NWO Project granted: CLARIAH

CLARIAH (Common Lab Research Infrastructure for the Arts and Humanities) project granted by NWO in the National Roadmap for Large-Scale Research Facilities programme.

CLARIAH is developing a digital infrastructure that brings together large collections of data and software from different humanities disciplines. This will enable humanities researchers, from historians, literature experts and archaeologists to linguists, speech technologists and media scientists – to investigate cross-disciplinary questions, for example about culture and societal change. CLARIAH has received 12 million euros for the development of research instruments and the training of scientists. This project is vitally important for the development of the humanities in the Netherlands; a digital revolution is taking place that will drastically change how humanities research is done. The potential societal impact of this is also considerable.
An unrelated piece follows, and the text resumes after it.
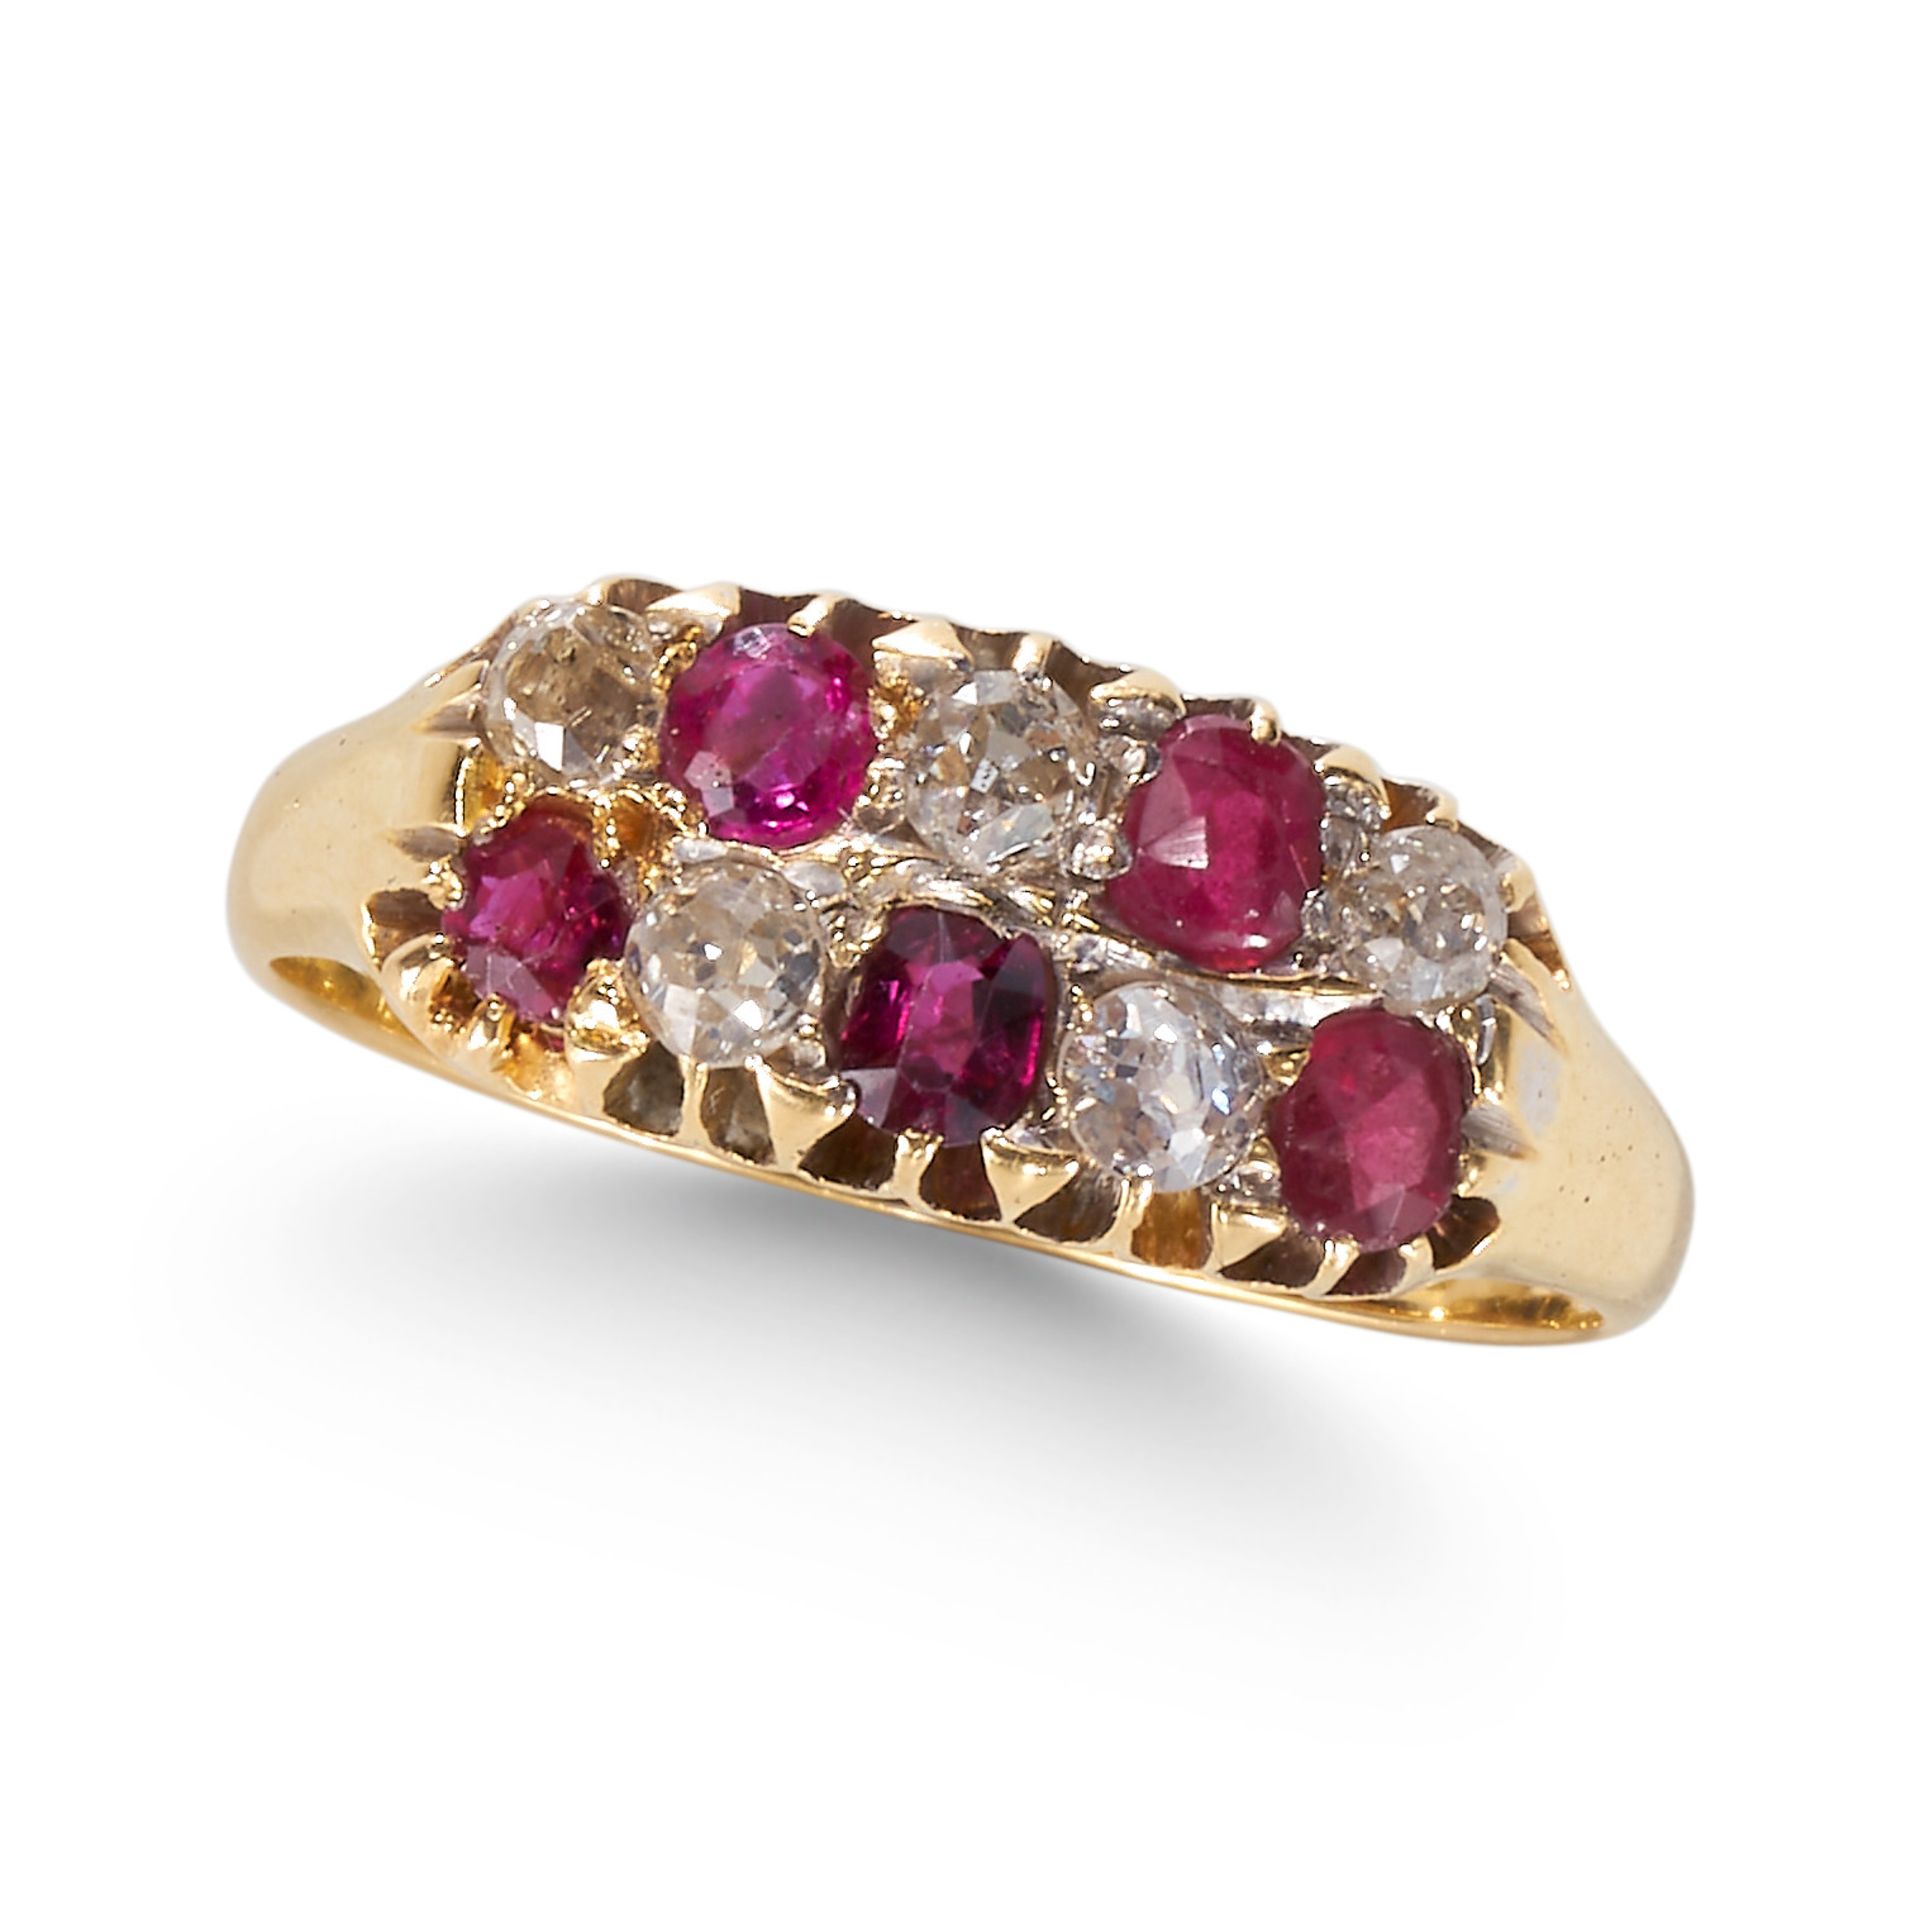 AN ANTIQUE VICTORIAN RUBY AND DIAMOND DOUBLE ROW RING, IN 18CT YELLOW GOLD.
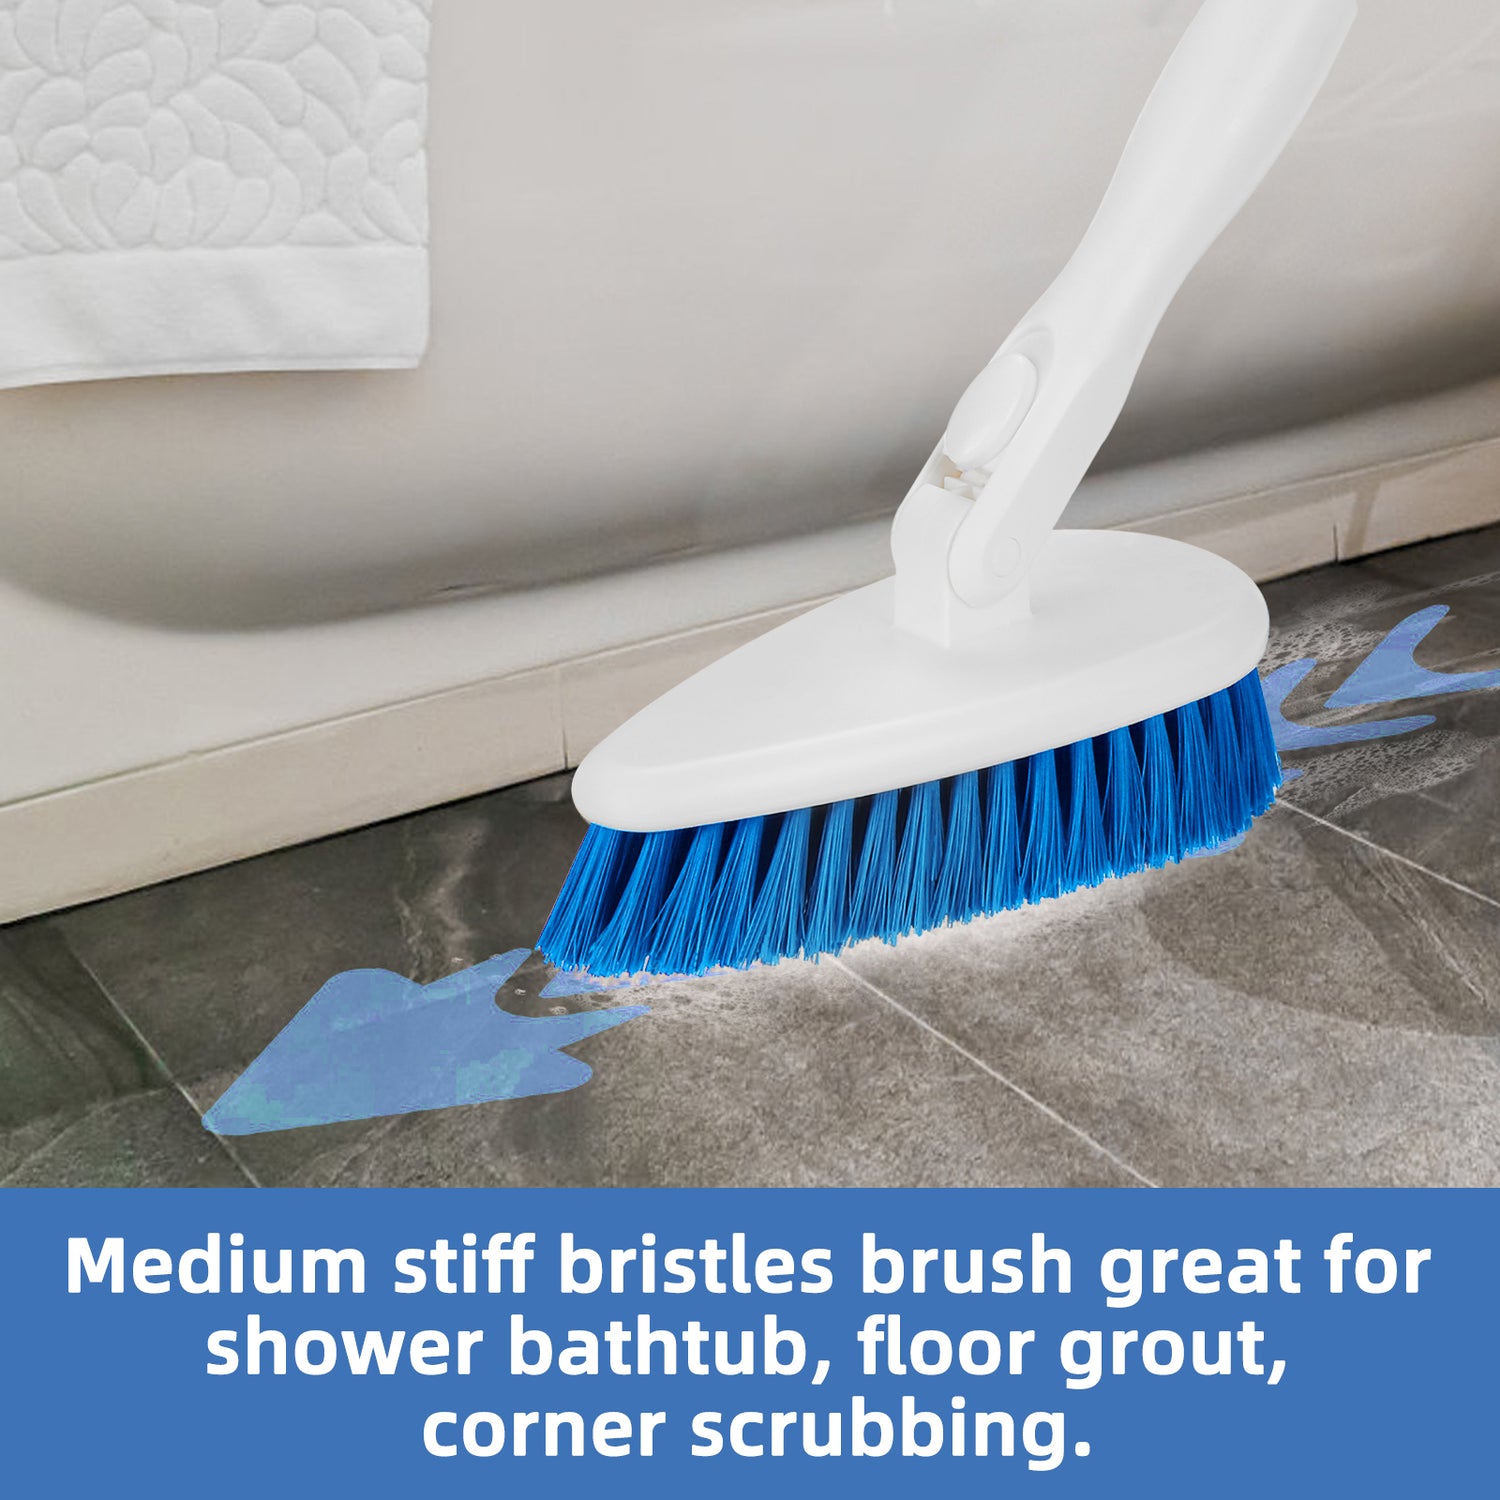 Qaestfy Baseboard Cleaner Tool with Handle, Wall Floor Mop with

CLARIAH (Common Lab Research Infrastructure for the Arts and Humanities)
CLARIAH: BIG DATA, GRAND CHALLENGES background article (pdf).

Organisations involved (applicants): Huygens ING, International Institute for Social History, Meertens Institute, Netherlands Institute for Sound and Vision, DANS, Radboud University Nijmegen, Utrecht University, University of Amsterdam and VU University Amsterdam. Project leader: Prof. A.F. (Lex) Heerma van Voss.

Piek Vossen part of core team CLARIAH Prof. dr. Piek Vossen is part of the CLARIAH core team.

CLARIAH | NWO-programma Nationale Roadmap on YouTube (in Dutch)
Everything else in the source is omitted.